Start of Supplied data

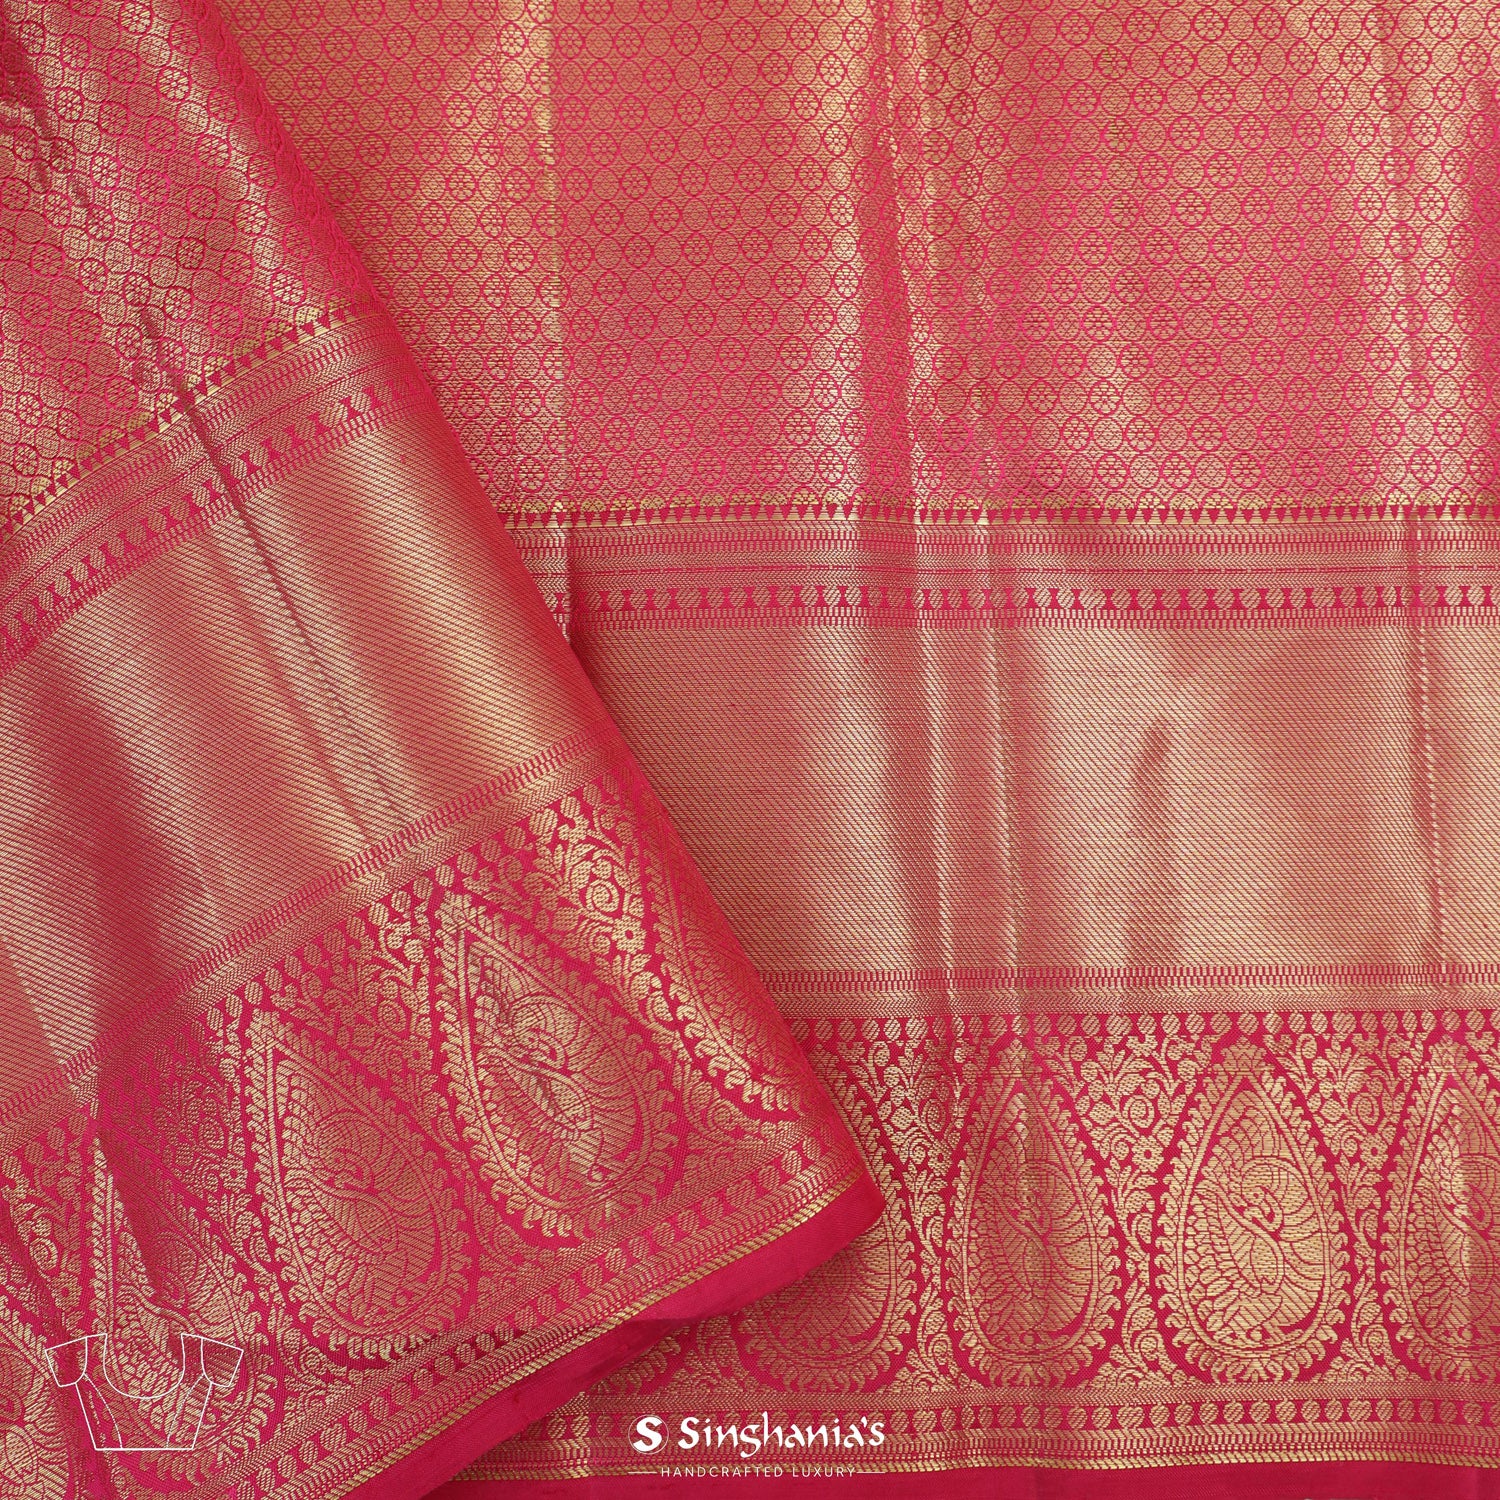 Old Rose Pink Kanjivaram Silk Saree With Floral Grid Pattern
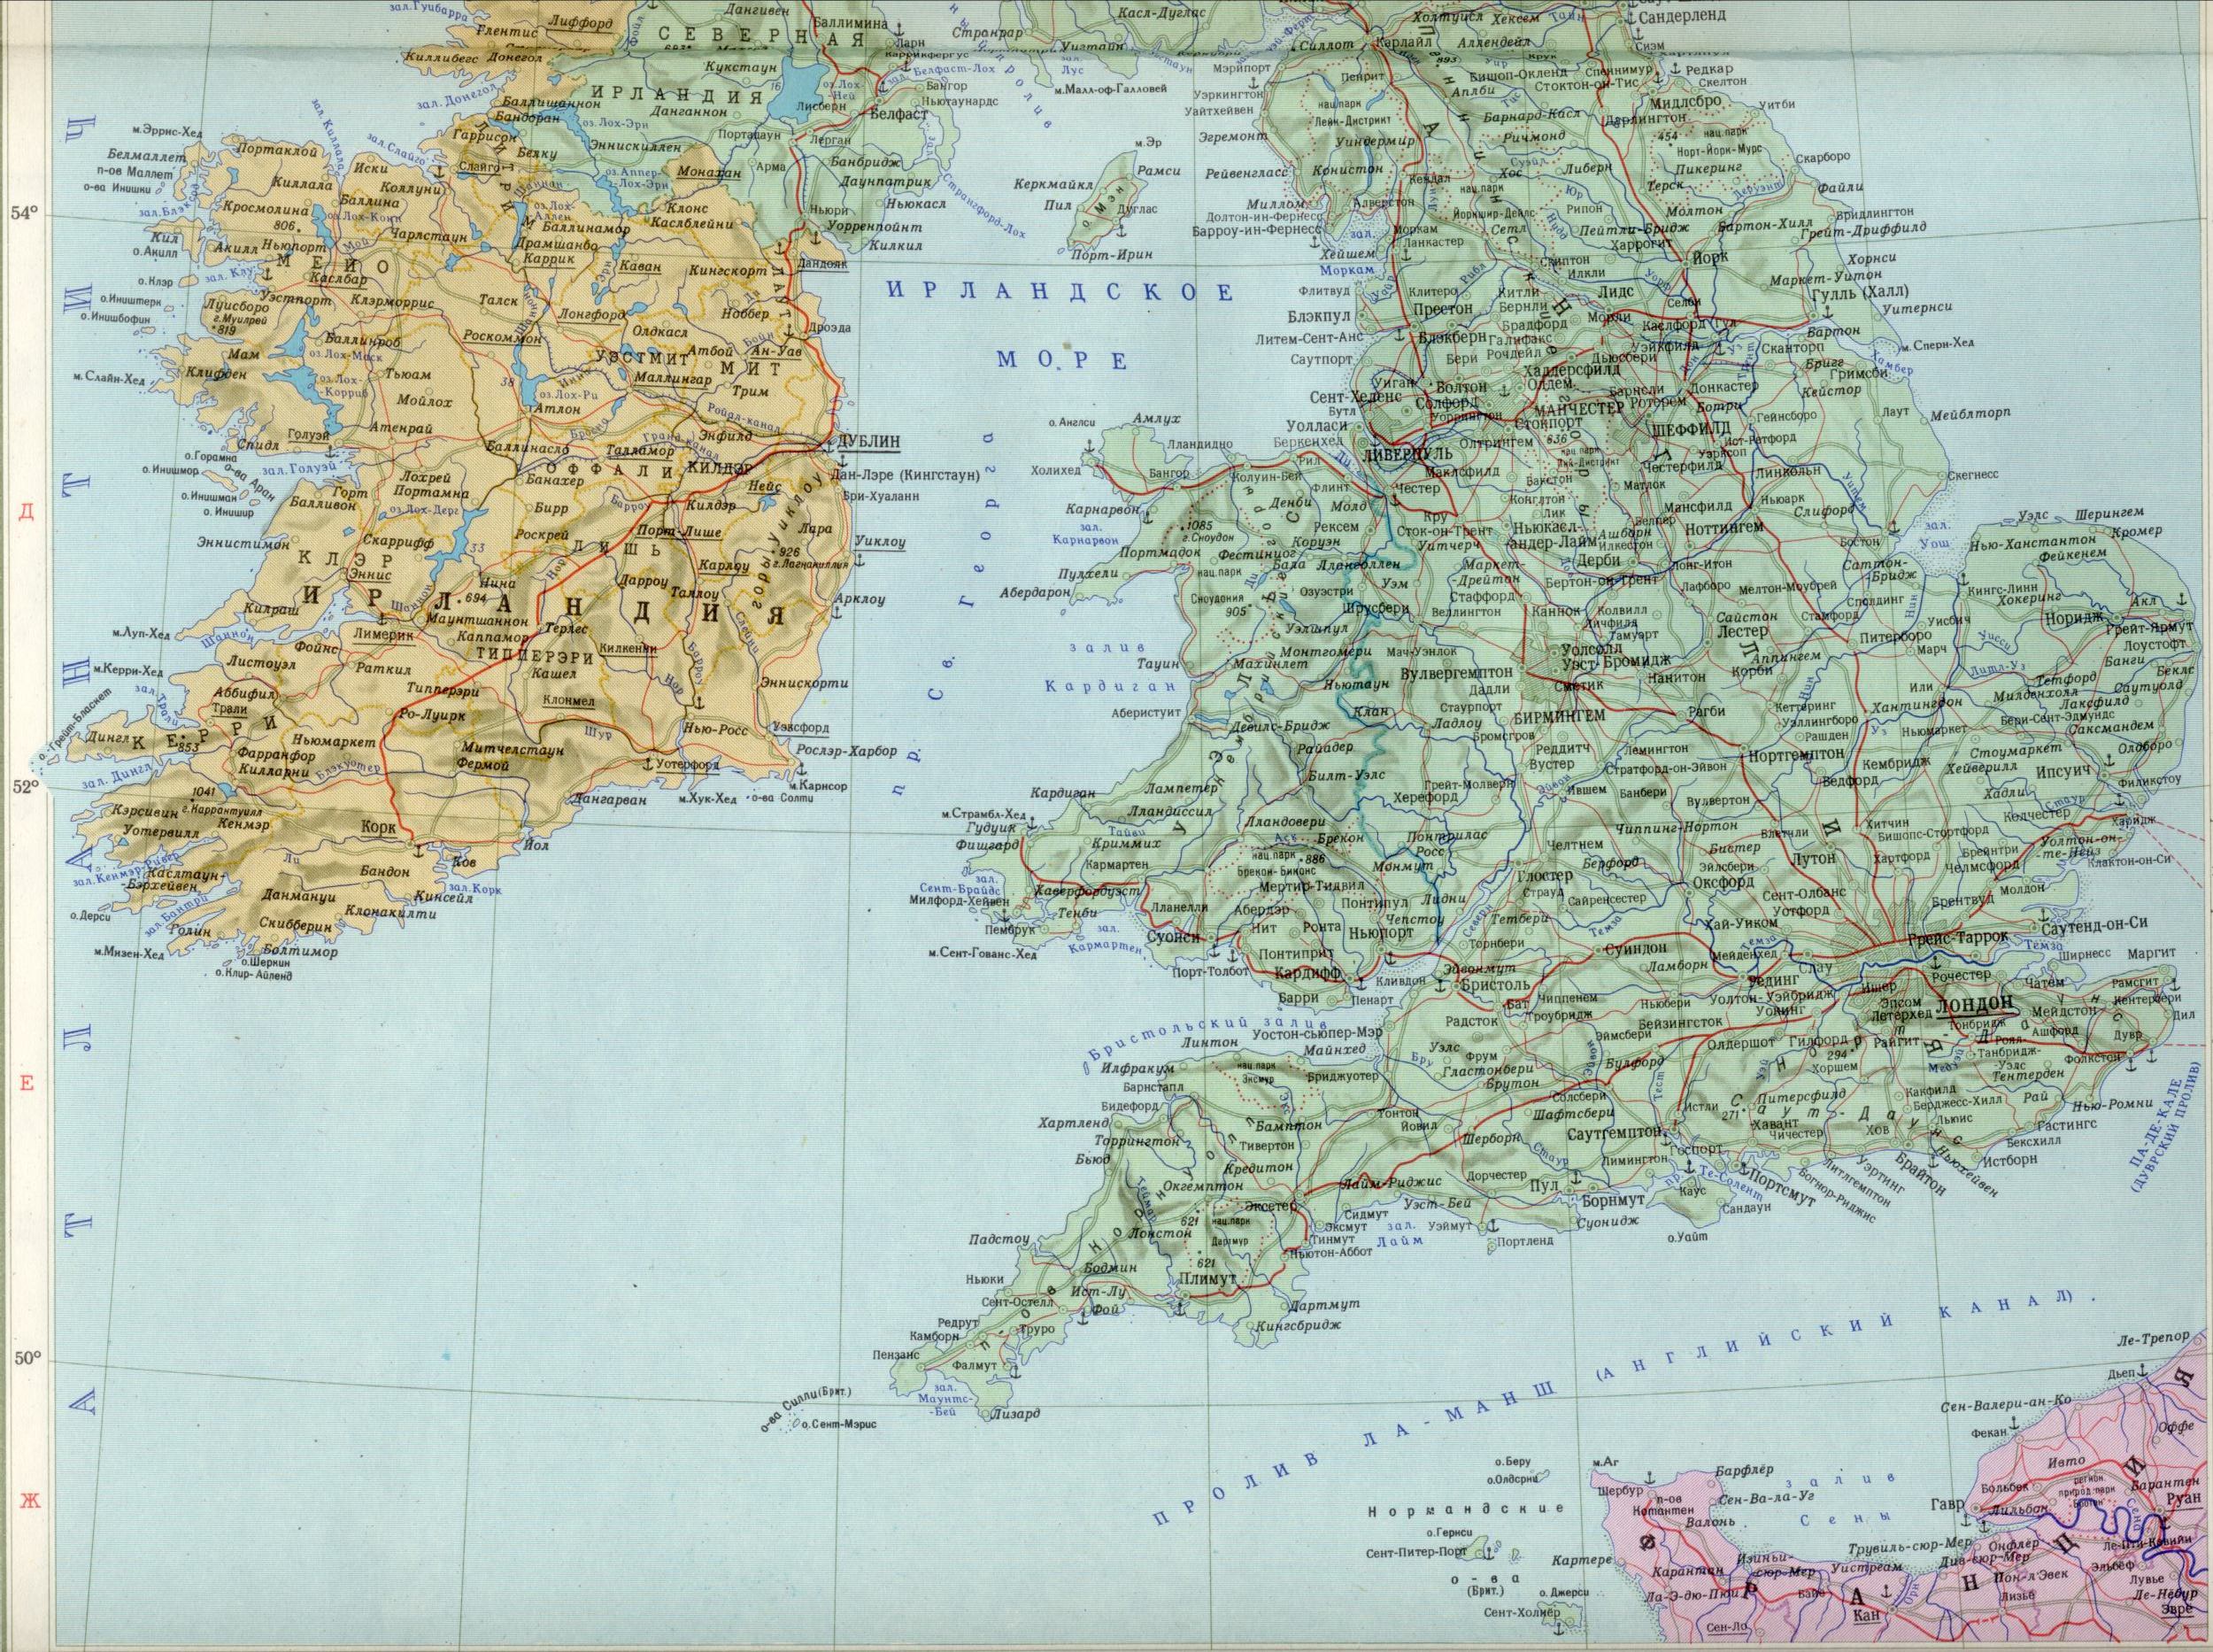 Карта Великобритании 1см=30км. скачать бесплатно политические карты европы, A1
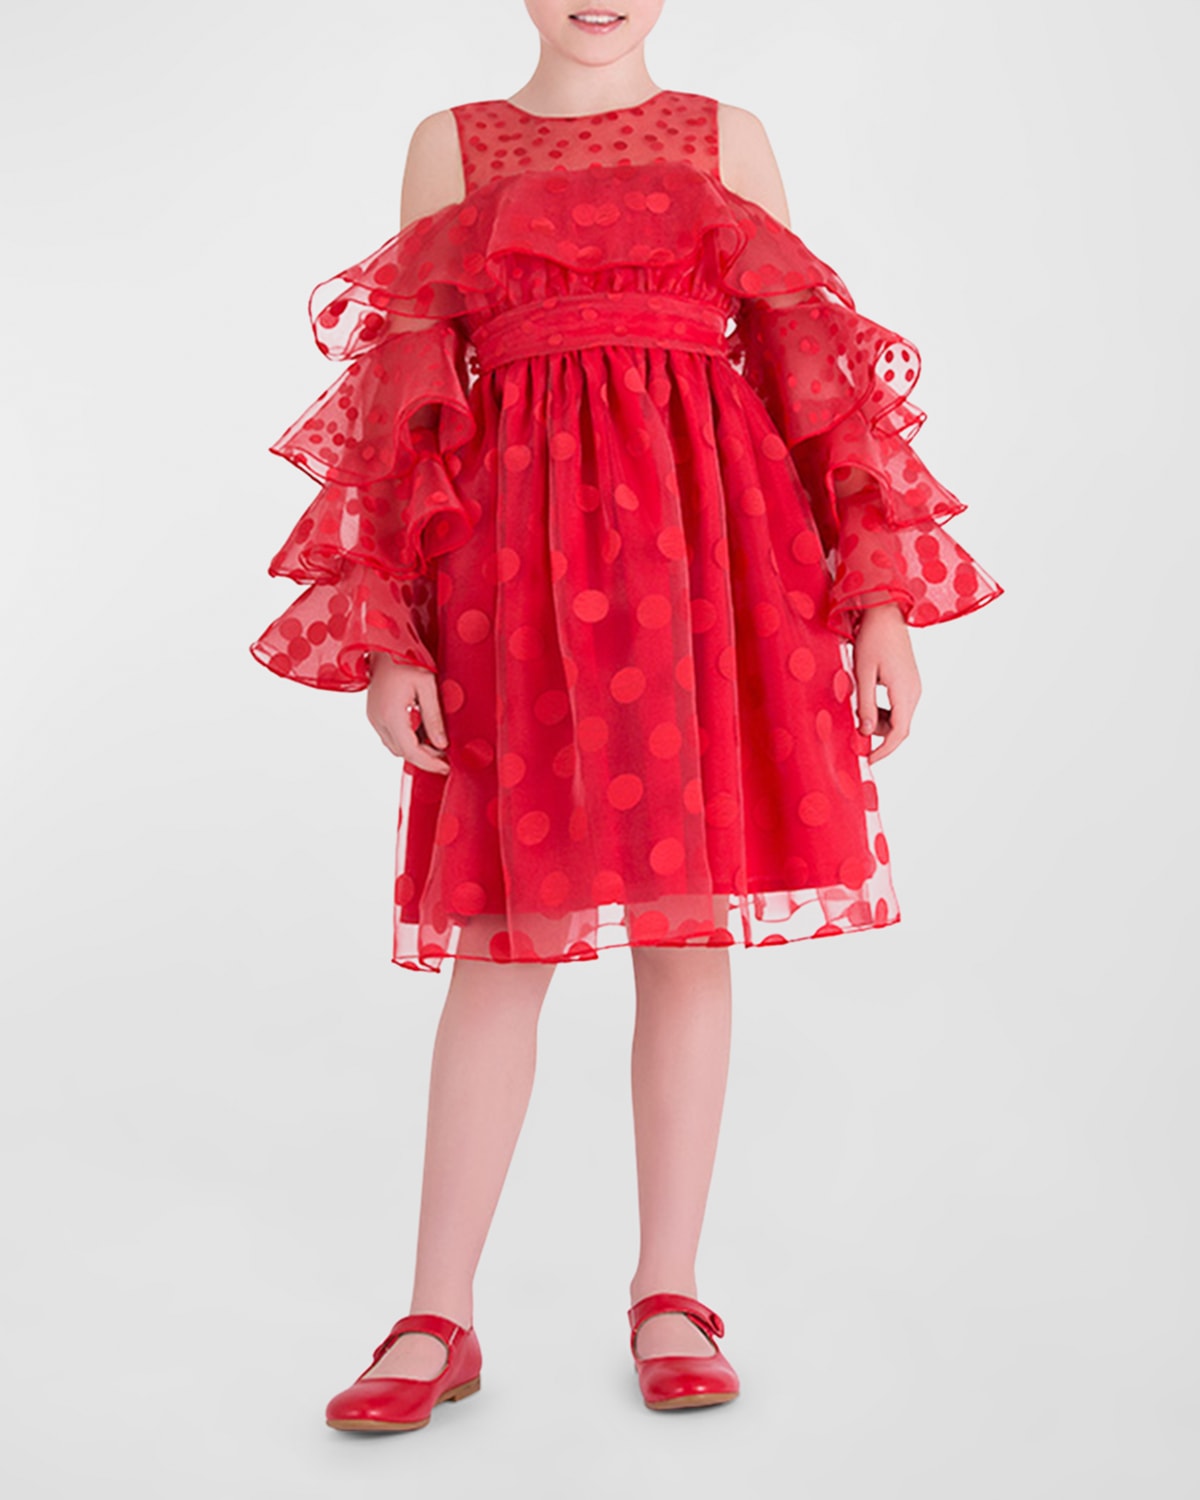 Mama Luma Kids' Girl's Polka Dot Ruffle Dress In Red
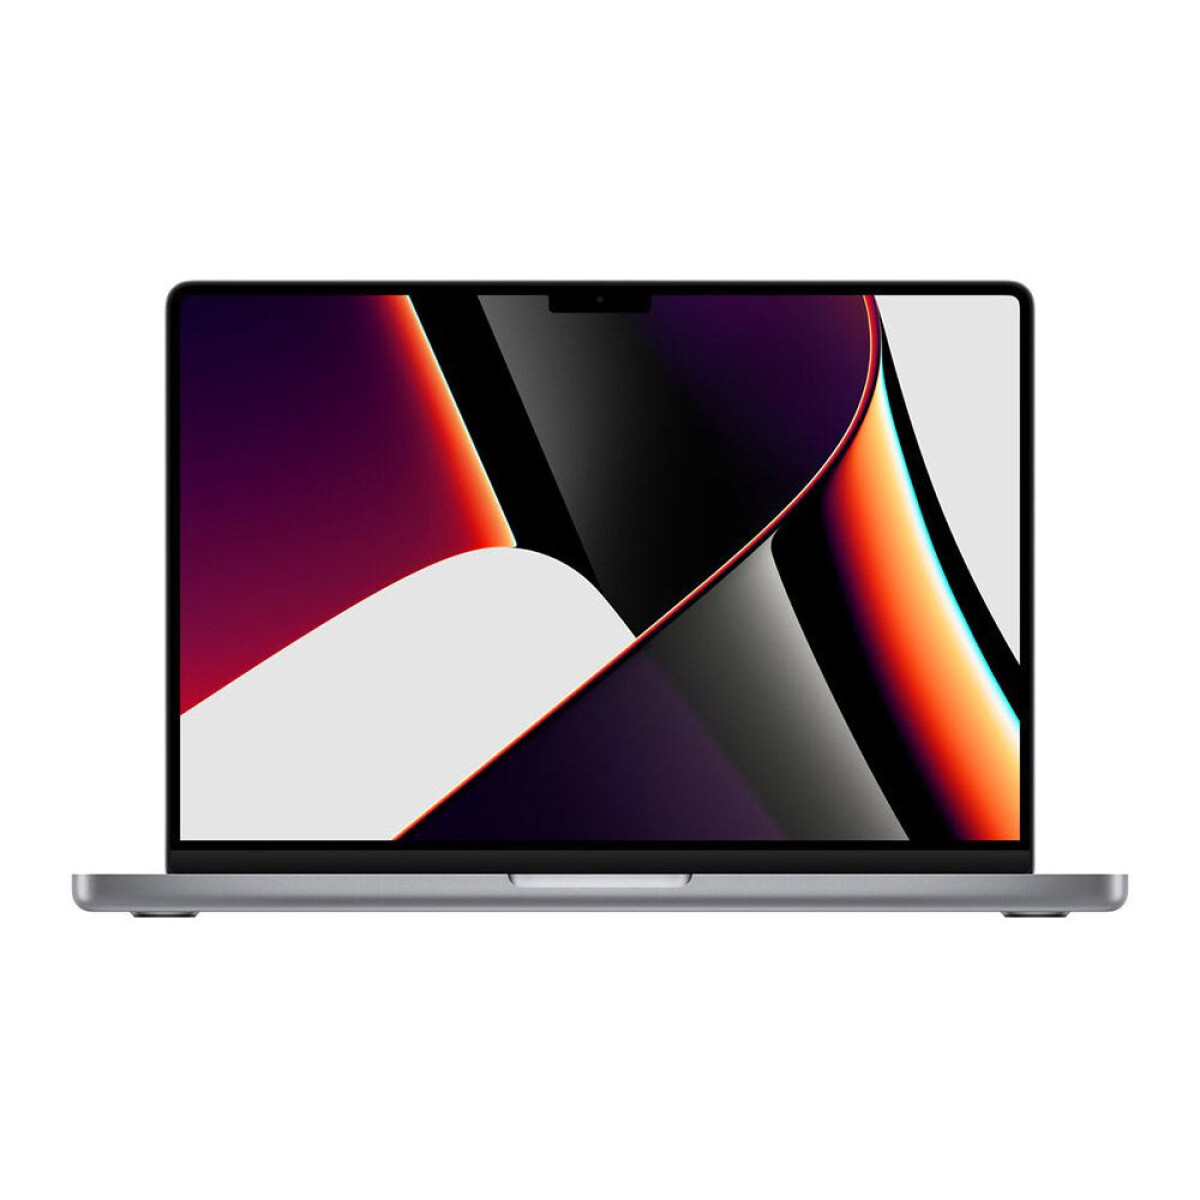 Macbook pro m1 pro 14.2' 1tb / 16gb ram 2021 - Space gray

End of Supplied data

Where an image appears in the data, skip it, and return the rest verbatim.

 Old Rose Pink Kanjivaram Silk Saree With Floral Grid Pattern
 Карта Великобритании 1см=30км. скачать бесплатно политические карты европы, A1
 Mama Luma Kids' Girl's Polka Dot Ruffle Dress In Red
 Macbook pro m1 pro 14.2' 1tb / 16gb ram 2021 - Space gray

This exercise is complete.